Extraction and Measurement of Carbohydrates

To measure both soluble and insoluble glucans in the same samples of rice endosperms, starch granules and soluble glucans were separated as described by Fujita et al. (2003). The polyglucan contents of both soluble and insoluble fractions were assayed as the amounts of Glc released after digestion with glucoamylase, as described by Wong et al. (2003).

Branch Chain-Length Distribution of α-Polyglucans

The methods of polyglucan preparations and analysis of their debranched samples by capillary electrophoresis were performed as described by Fujita et al. (2003) and Wong et al. (2003), respectively. The 8-amino-1,3,6-pyrenetrisulfonic acid-labeled α-1,4-glucan were analyzed by using an eCAP N-linked oligosaccharide profiling kit and a P/ACE System 5000 high-resolution capillary electrophoresis equipped with a laser-induced fluorescence detector (Beckman Instruments, Coulter, CA) according to the method by O'Shea and Morell (1996).

Physicochemical and Morphological Characteristics of Starches

DSC of starches was measured as described by Nakamura et al. (2002).

X-ray diffraction pattern of starches was obtained with copper, nickel foil-filtered, Kα radiation using a diffractometer RINT2000 (RIGAKU, Tokyo) at 50 kV and 27 mA. The scanning region of the two-theta angle was to 40.0 from 4.0 with a scan speed of 0.3 s⁻¹.
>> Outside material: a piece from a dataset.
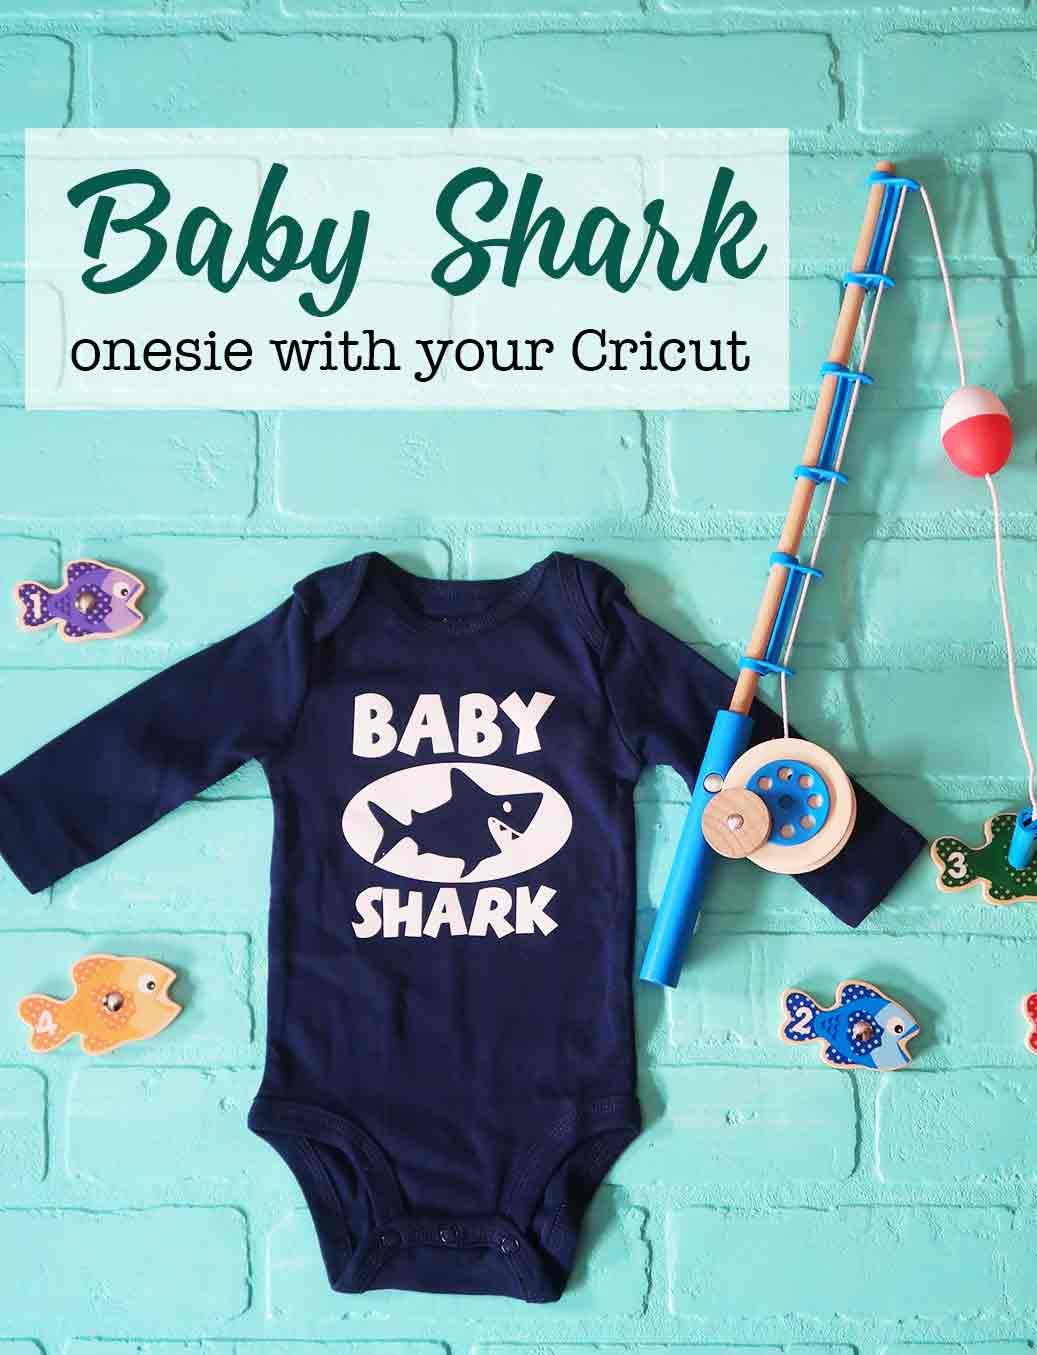 Baby_shark_onesie.jpg
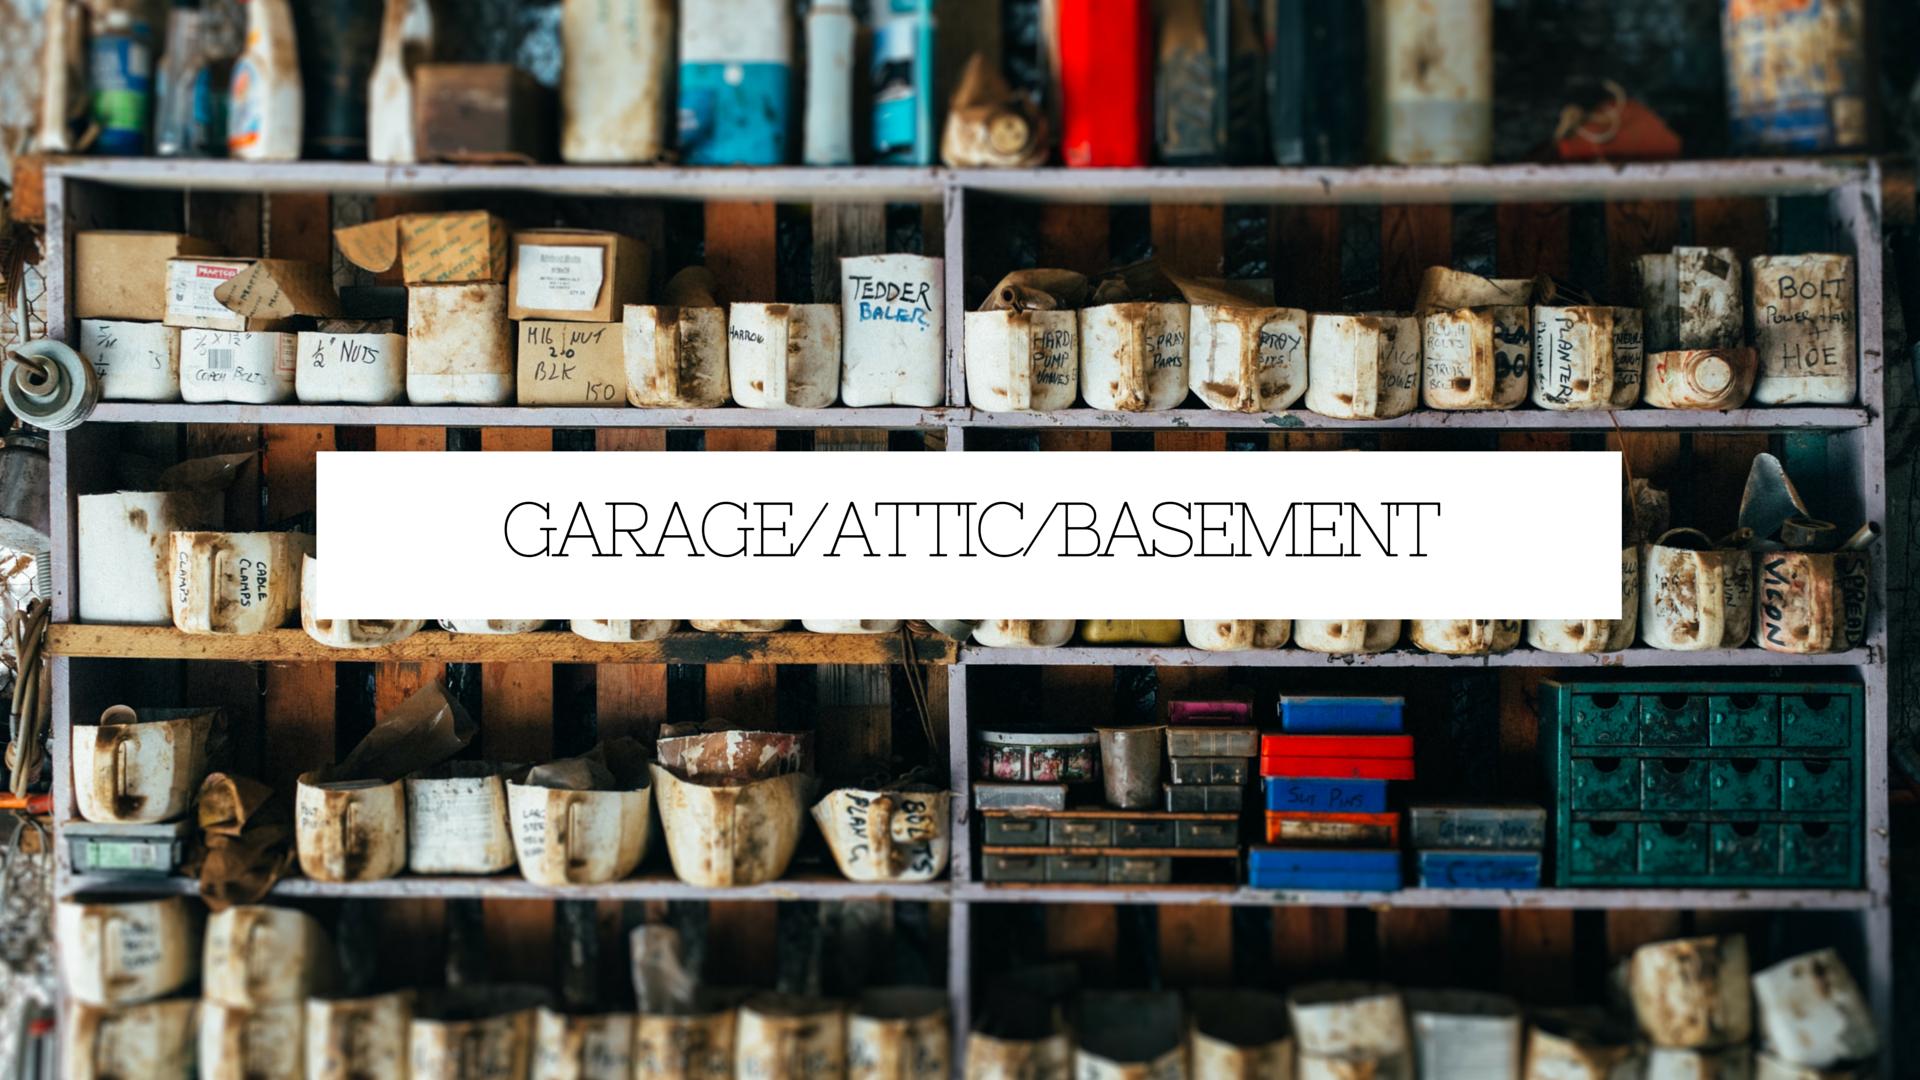 Garage/Attic/Basement

Purified starch granules were sputter coated with gold and examined with a scanning electron microscope (JSM-56000LV; JEOL, Tokyo) at 20 kV.

Sequence data from this article have been deposited with the EMBL/GenBank data libraries under accession numbers AB093426, AC132483, AF548379, AP005574, AY091058, AY132996, AY132997, AY132998, AY139980, AY172633, and AY172634.